Sema3A-Alkaline Phosphatase Concentration

HEK293-Sema3A-AP cells (HEK-293 transfected with WT-Sema3A in frame with alkaline phosphatase) were grown to 70% confluence and incubated for 48 h in serum free medium. Conditioned medium was concentrated using 30 KDa Amicon Ultra centrifugal filter devices for 50-fold concentration.
The Sema3A-AP concentration was determined using Coomassie blue staining by comparison to known concentration of BSA.

Alkaline Phosphatase Colorimetric Assay

Cells were incubated with concentrated Sema3A-AP for 1.5 h at 4° C., followed by PBS wash and 20 min fixation with 4% paraformaldehyde, and 1 h incubation at 65° C. Next, 5-bromo-4-chloro-3-indolyl phosphate and nitro blue tetrazolium (BCIP/NBT) liquid substrates for AP-enzyme (SIGMA) were added for over-night incubation at 4° C. At the next day, a visible yellow-brown precipitate was microscopely demonstrated in case of AP-Sema3A binding and the mean color intensity per field (1 μm/μm²) was analyzed using Image-Pro software.
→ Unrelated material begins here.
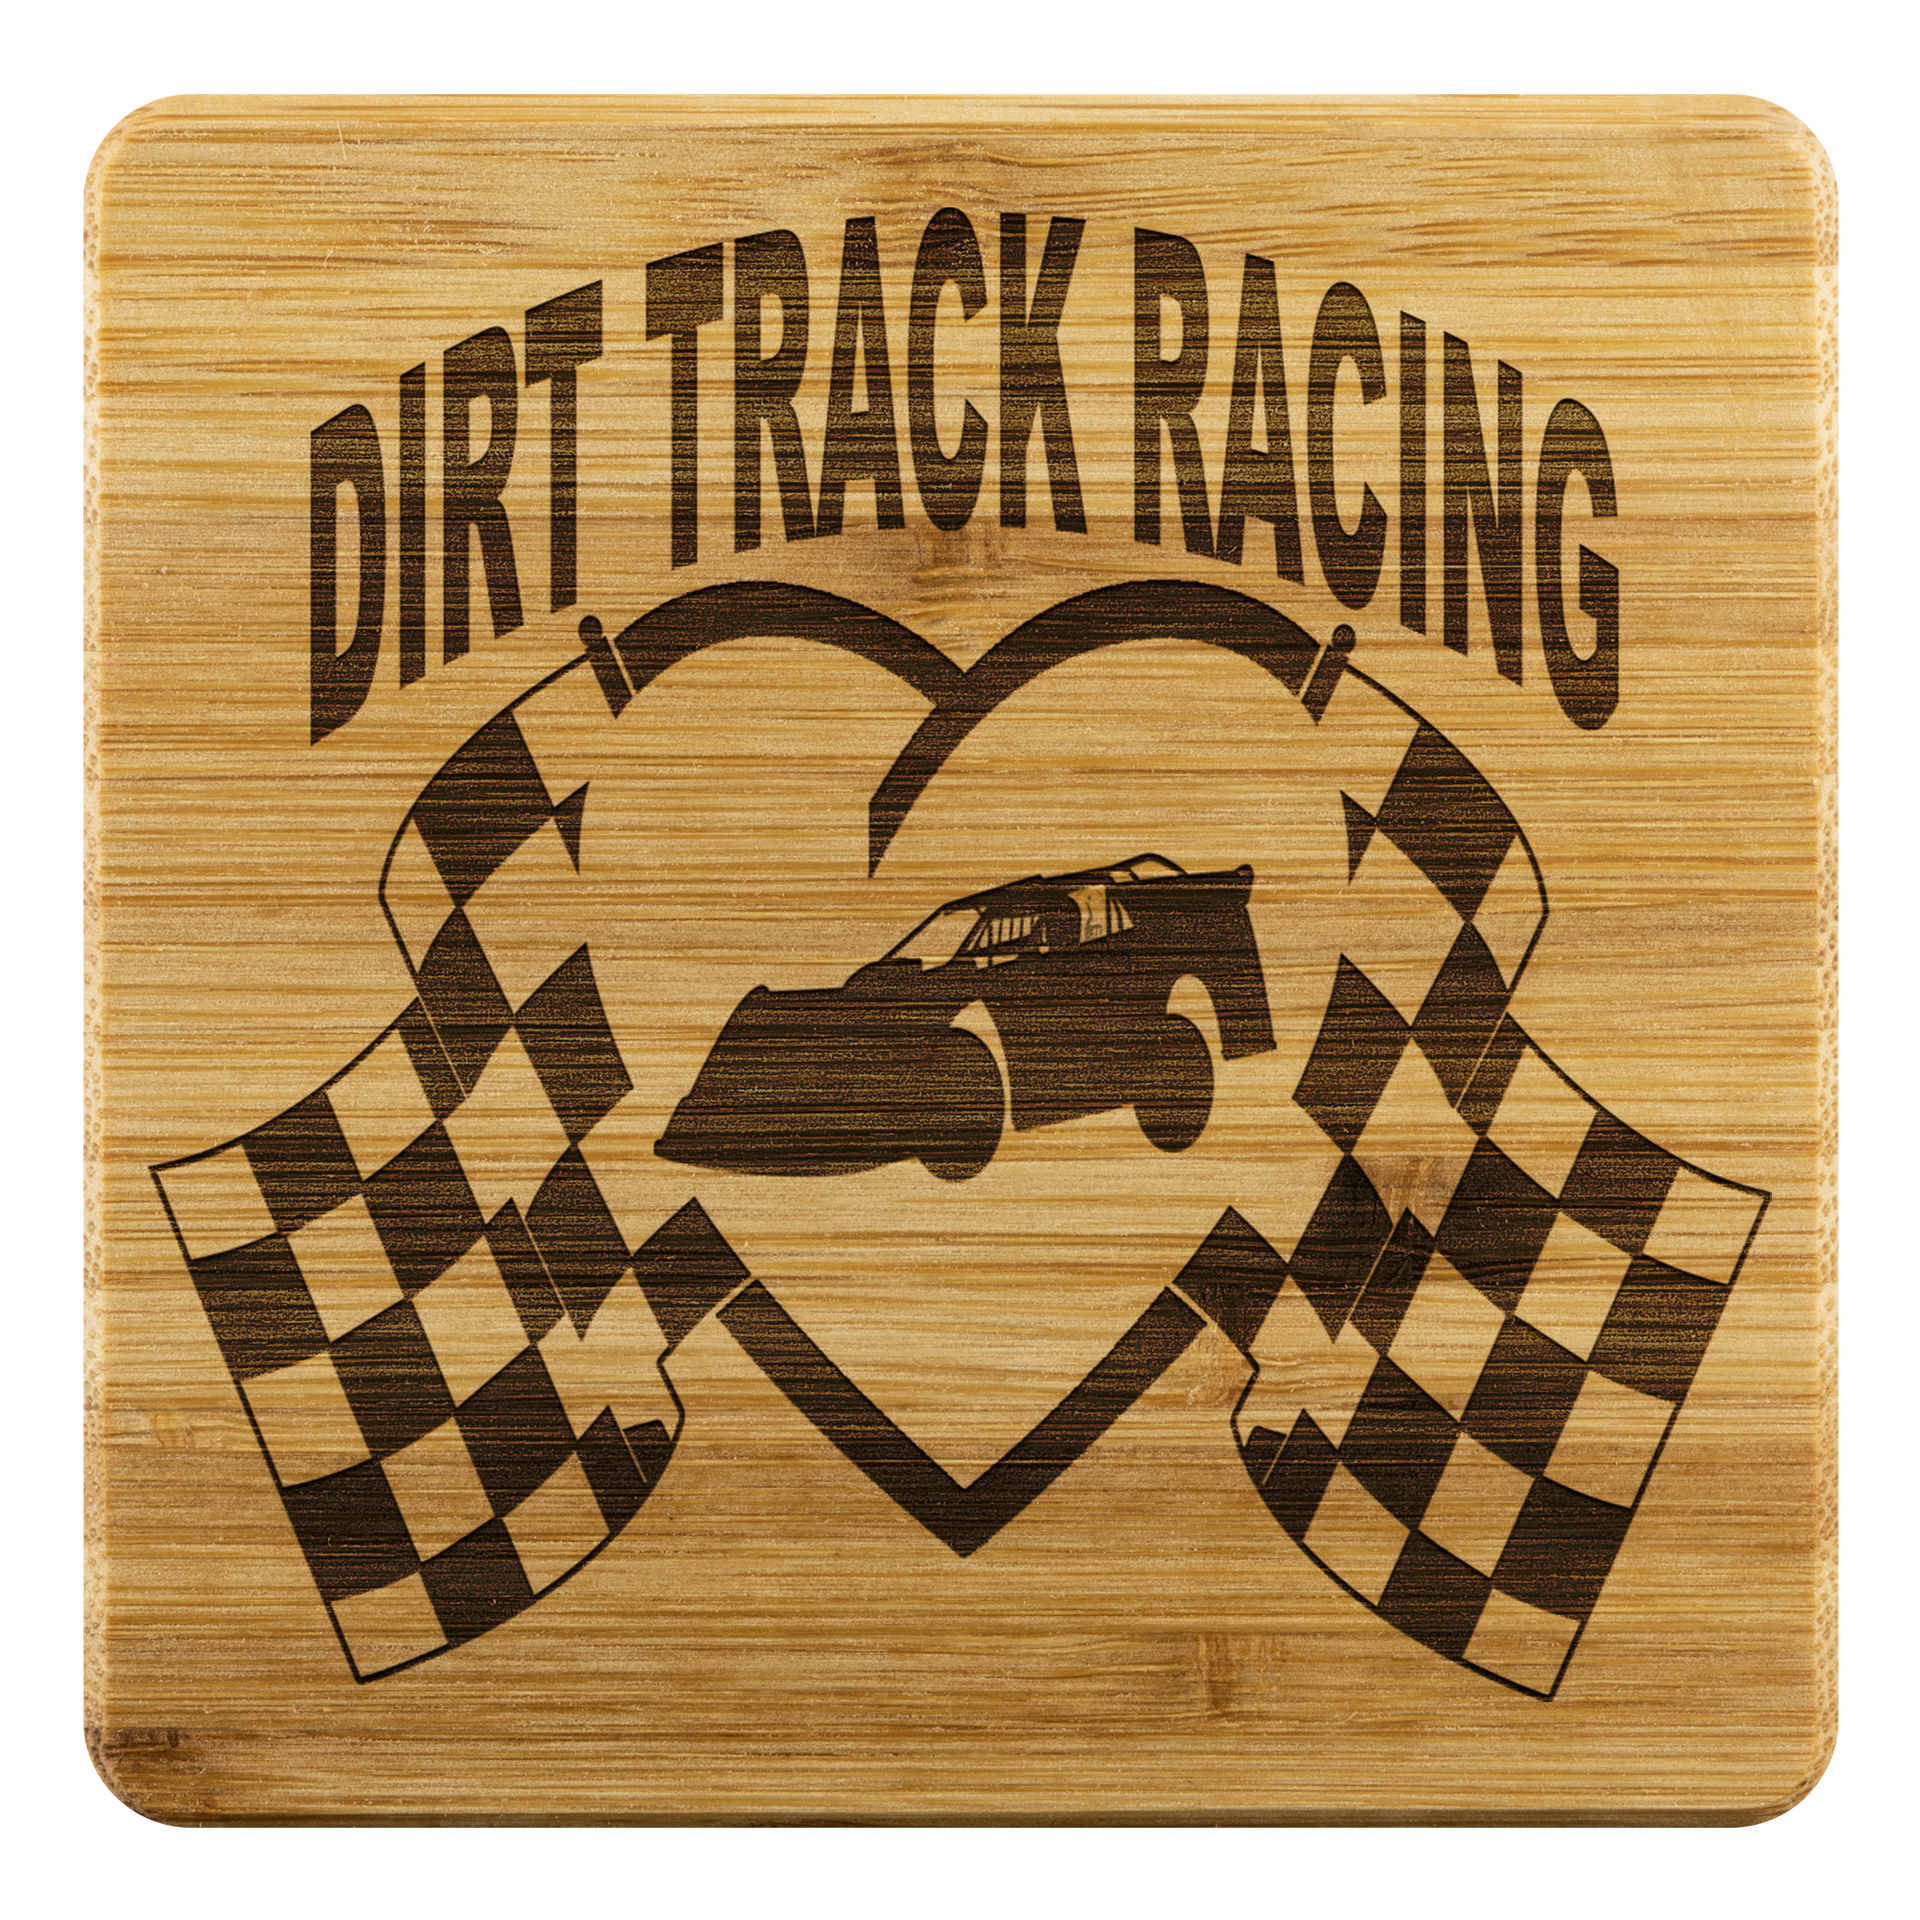 Dirt Track Racing Late Model Bamboo Coaster

Alkaline Phosphatase Colorimetric Assay: Competitive Inhibition Assay

To analyze the kinetics of sema3A binding to CD72 receptor, Sema4D, which is the known ligand of CD72 was used as competitive inhibitor. The phosphatase colorimetric assay was performed with increasing concentration of recombinant human Sema4D protein (0-50 μg/ml) (abcam) with constant concentration of Sema3A-AP (5 μg/ml). The Graph Pad Prism software was used to draw the kinetics graphs and calculate the binding parameters.

Results

Reference is made to FIG. 3A which shows a pictogram of a Western Blot analysis of modified or non-modified U87MG cells extract, probed with antibodies directed against neuropilin-1 and/or CD72. As can be seen in FIG. 3A, parental U87MG cells (par) express Nrp1, but do not express CD72. U87MG cells in which the gene expressing neuropilin-1 was knocked out using CRISPR/Cas9 (“U87MG-ΔNrp1”) were further infected with empty lentiviruses or lentiviruses directing expression of CD72 (“U87MG-ΔNrp1+CD72”) to which a V5 epitope tag was fused in frame upstream of the stop codon. The results demonstrate that U87MG-ΔNrp1 indeed do not express Nrp1 nor CD72, whereas the U87MG-ΔNrp1+CD72 cells express CD72, and do not express Nrp1.
Next, Sema3A-AP was bound to these cells for 60 minutes at 37° C. The cells were then washed and bound Sema3A-AP was detected using BICP/NBT. The results are presented in the pictogram shown in FIG. 3B.
Next, increasing concentrations of purified Sema3A-AP were incubated for 30 minutes at room temperature with the three cell types. Following incubation (binding), the cells were washed and the amount of bound Sema3A-AP bound per microscopic field assessed using an alkaline phosphatase colorimetric assay. The results are presented in the line graphs of FIG. 3C, which clearly show that WT-Sema3A can bind CD72.
Next, Sema3A-AP (5 μg/ml) was bound/incubated to the three cell types in the presence of increasing concentrations of sema4D, which is an authentic known ligand of CD72. The amount of bound sema3A-AP/microscopic field was then determined. The results presented in FIG. 3D, strengthen the finding that indeed WT-Sema3A can bind CD72 and that the binding affinity of sema3A to CD72 is very similar to its binding affinity to neuropilin-1.
Thus, the results presented in FIGS. 3A-D demonstrate that wild type Sema3A is able to bind the CD72 receptor and that this binding is with similar binding affinity as to Nrp1.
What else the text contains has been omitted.